Minich categorically disagreed with the report’s findings
“I would vehemently contest any portrayal of ethnic studies or area studies as ideologically involved in student brainwashing,” she said. “I never try to dictate to my pupils what they should think in the classroom. It’s to provide kids with skills to help them think about a complex world, and I believe it’s a serious issue that I feel like I’m being stopped from doing that.

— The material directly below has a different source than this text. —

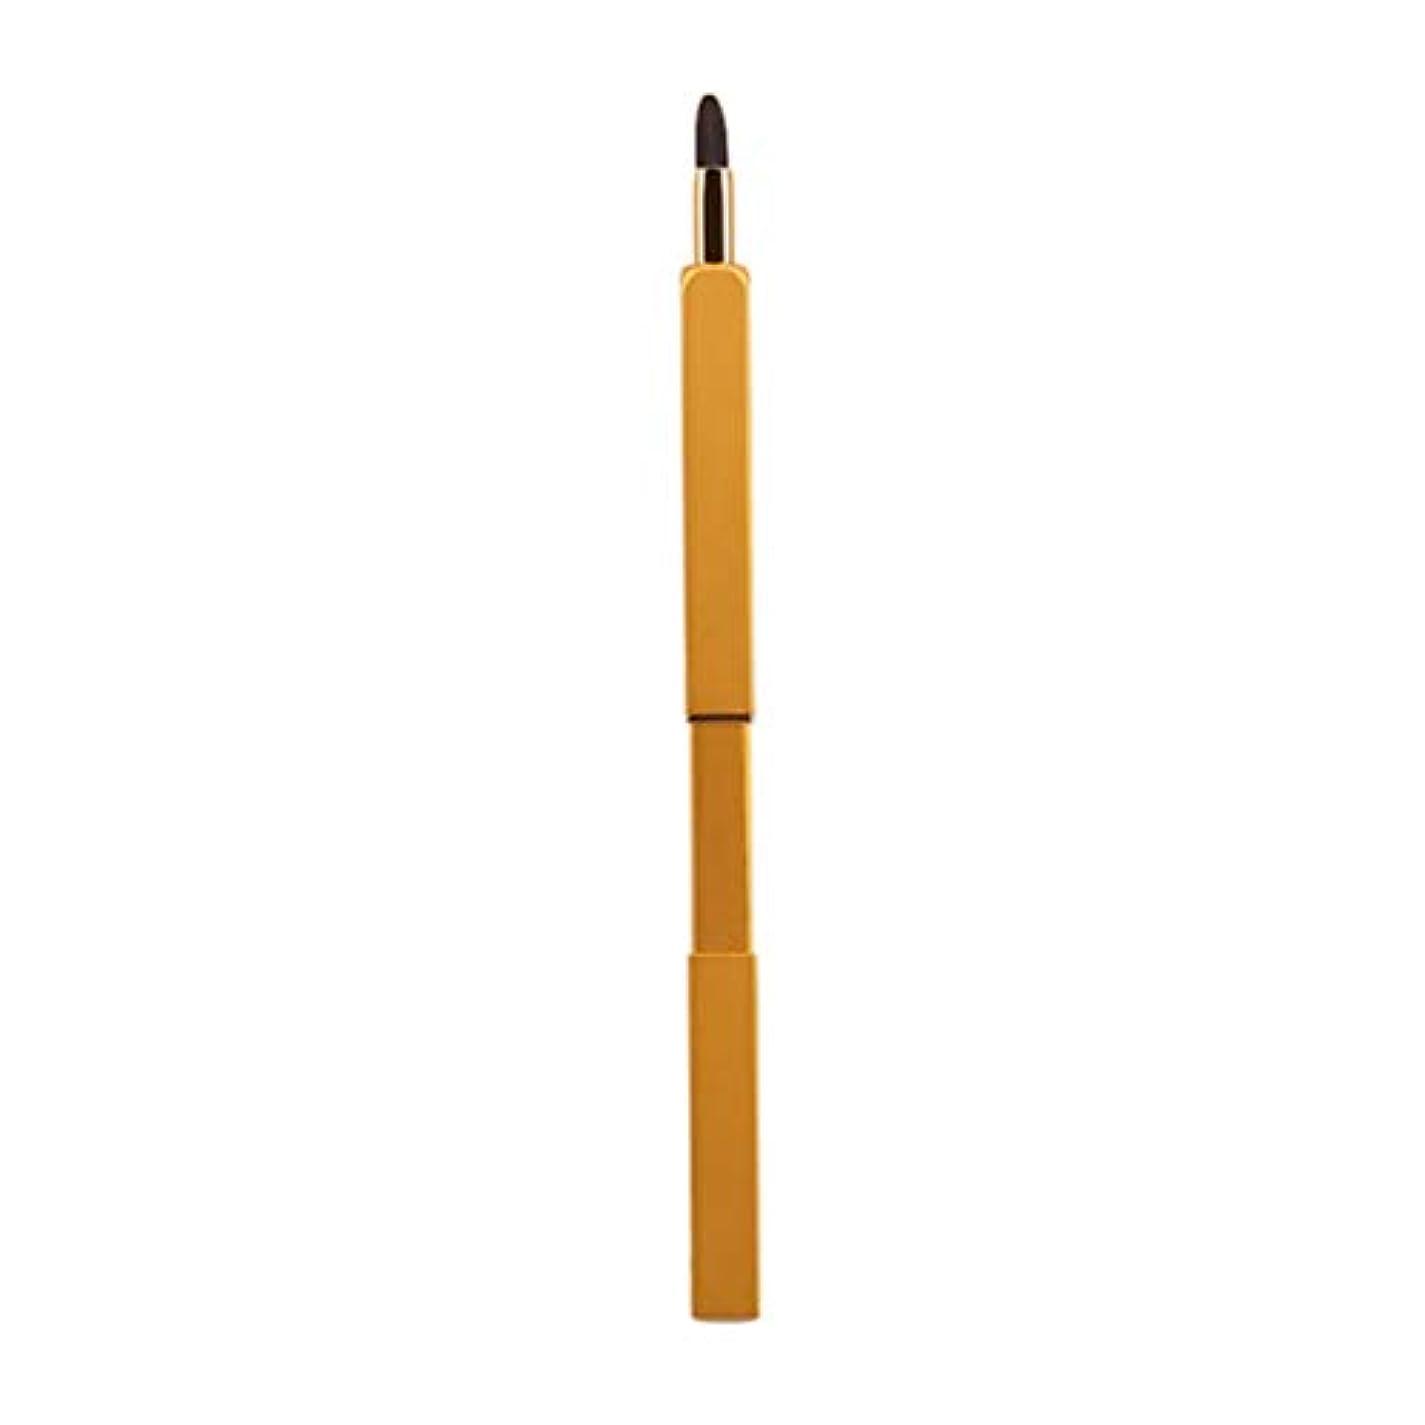 読み書きのできない修士号スポーツの試合を担当している人Lurrose 引き込み式のリップブラシの柔らかいナイロン繊維の口紅の金属の管が付いている携帯用構造のブラシ(黄色)

Texas has long spearheaded conservative attempts to transform US higher education, as have other Republican-led states like Florida and Ohio. The state’s lawmakers were among the first to do away with diversity and inclusion programs and to erode safeguards for tenured academics. The president of Texas A&M University’s main campus resigned last month due to a dispute about “gender ideology” in the classroom.
Prior to Trump’s return to office, UT Austin eliminated its diversity efforts and let go of around 60 employees who were working on related projects. Additionally, it canceled the usual bilingual graduation ceremony for Spanish-speaking pupils and dissolved its Multicultural Engagement Center.
The university was one of the first to get preferential access to federal funds from the Trump administration in return for changing its policies to support the administration’s goals. Since then, all colleges nationwide have been given this opportunity. It has been rejected by Brown, the University of Southern California, MIT, the University of Virginia, and the University of Pennsylvania.
UT The president’s offer has not yet received a response from Austin officials. About 200 students demonstrated their objection to it earlier this week by chanting “do not sign” in front of the main administrative building.